MIT Sloan Management Review research reinforces this: companies that fail to distinguish between high performers and underperformers when it comes to recognition and rewards see significantly higher attrition rates among their best people. It's not that high performers don't care about money.
It's that they care about fairness, recognition, and the feeling that their contribution is seen and valued.
And Ravio's 2025 Compensation Trends research found that 82% of HR leaders cite lack of clarity around career progression as their top retention challenge, ranking above compensation concerns at 61%.
The high performer paradox
Here's the dynamic that makes this particularly difficult to manage. High performers are usually the last people to complain. They are self-sufficient, results-oriented, and reluctant to signal vulnerability. They solve problems quietly and don't wait to be told what to do. Those are exactly the qualities that make them valuable, and exactly the qualities that make it easy to overlook them.
They don't need hand-holding, so they don't get check-ins. They deliver consistently, so they stop getting challenged. They are trusted to handle more, so they quietly absorb the workload that others can't manage, until the weight becomes unsustainable.
Burnout among high performers is a particular risk in 2025. As The Encompass Group notes, the chronic overload that comes with being the go-to person in an organization is one of the primary drivers of departure among exactly the people companies most need to keep.
What actually retains them
Three things come up consistently in the research. Genuine recognition, not just financial. Employees who receive sufficient recognition at work are 9 times more likely to be engaged, according to WorkHuman's 2024 data. For high performers specifically, recognition matters because it signals that the organization can tell the difference between excellent and average. When it can't, or won't, the message is clear.
Real career development. Over 93% of workers say they would stay longer at an organization that invests in their growth, according to research from Solvo Global.
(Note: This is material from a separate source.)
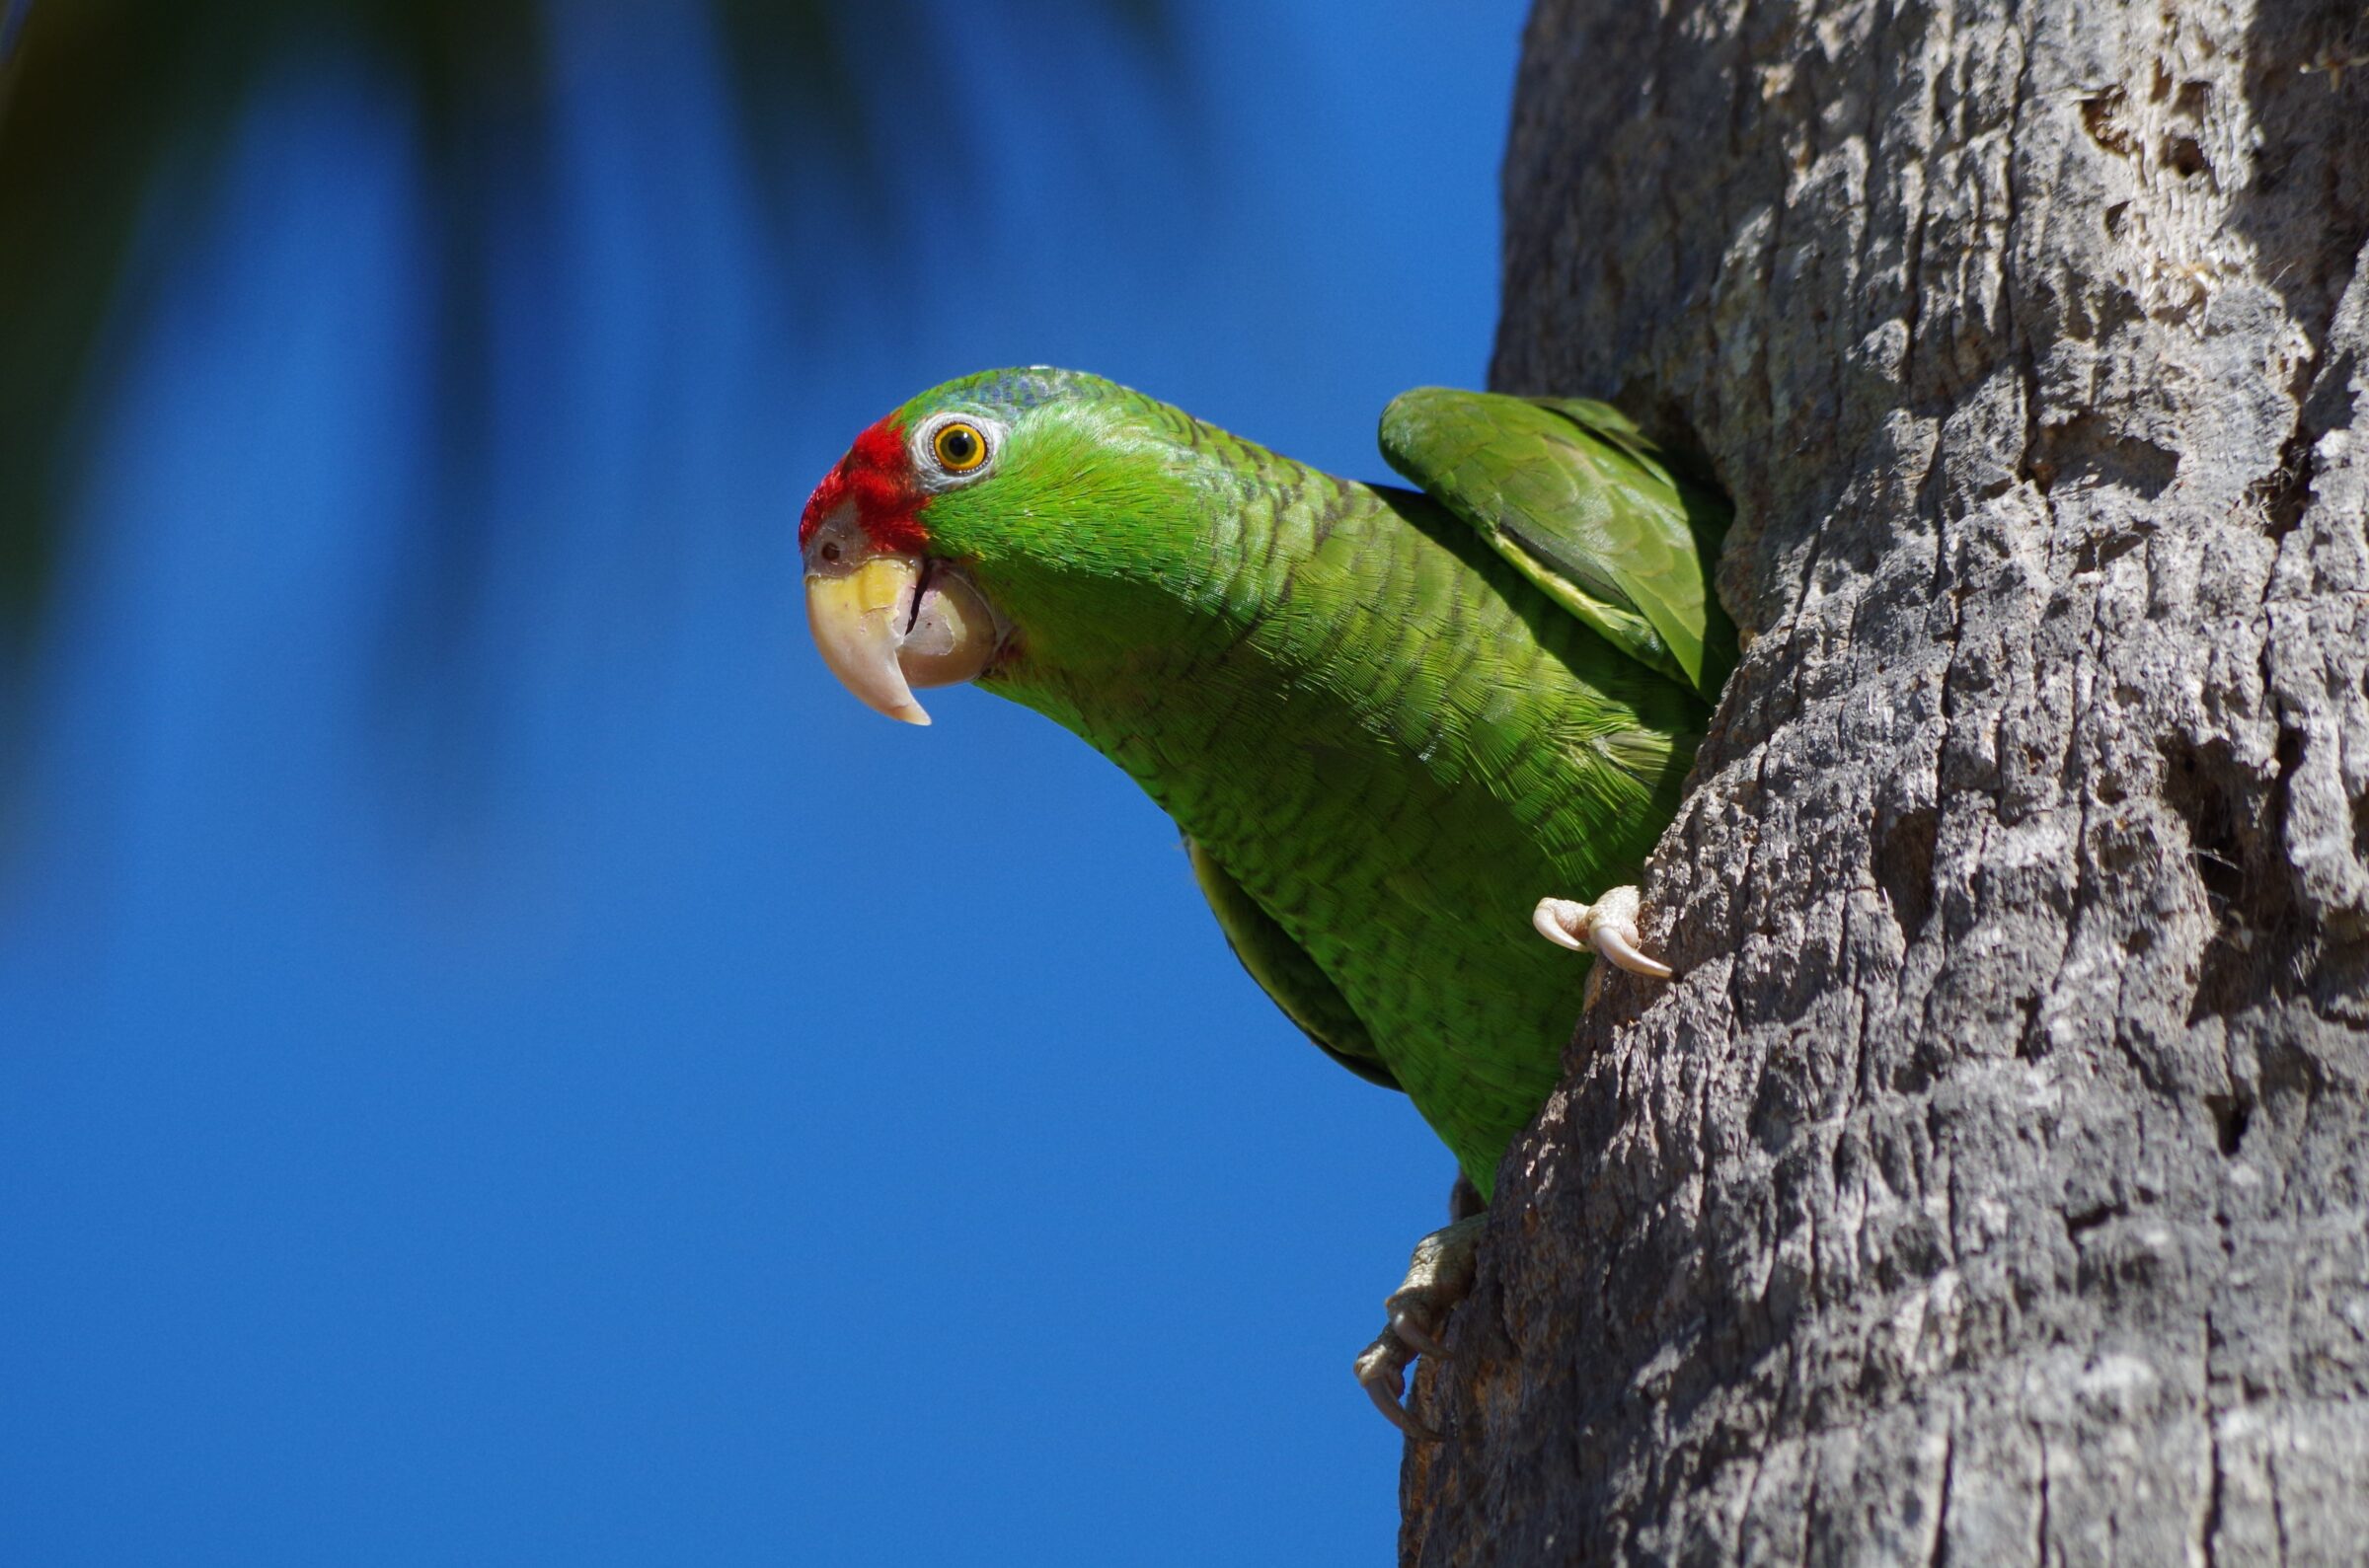 A green parrot sitting in a tree

For high performers, development is not a perk. It is a basic expectation. When it isn't there, they find it somewhere else.
Managers who see them. The most cited reason people leave organizations is their direct manager, not the company. Nearly 7 in 10 US workers say they would quit because of a bad manager, according to 2025 retention research. High performers, who often have options, act on that feeling faster than most.
By the time a high performer hands in their notice, the salary was rarely the real issue. The decision has usually been made for a while.
The practical implication
Most retention strategies are designed for the average employee. They focus on benefits, engagement scores, and broad-brush initiatives that move the needle for people in the middle of the performance curve.
High performers need something different. They need to know where they are going, to feel that their work is seen, and to work for someone who makes them better. Getting that right is less expensive than losing them, and far less expensive than replacing them.
Key Takeaways
Salary ranks sixth in most research on why employees leave. Culture, leadership, and recognition consistently rank higher. High performers are the least likely to complain before they leave. By the time they hand in their notice, the decision has usually been made for a while. Recognition works best when it is specific and consistent, not reserved for annual reviews. Career development is not optional for top talent. It is a retention strategy. The best thing you can do for your high performers is make sure their manager is someone worth staying for.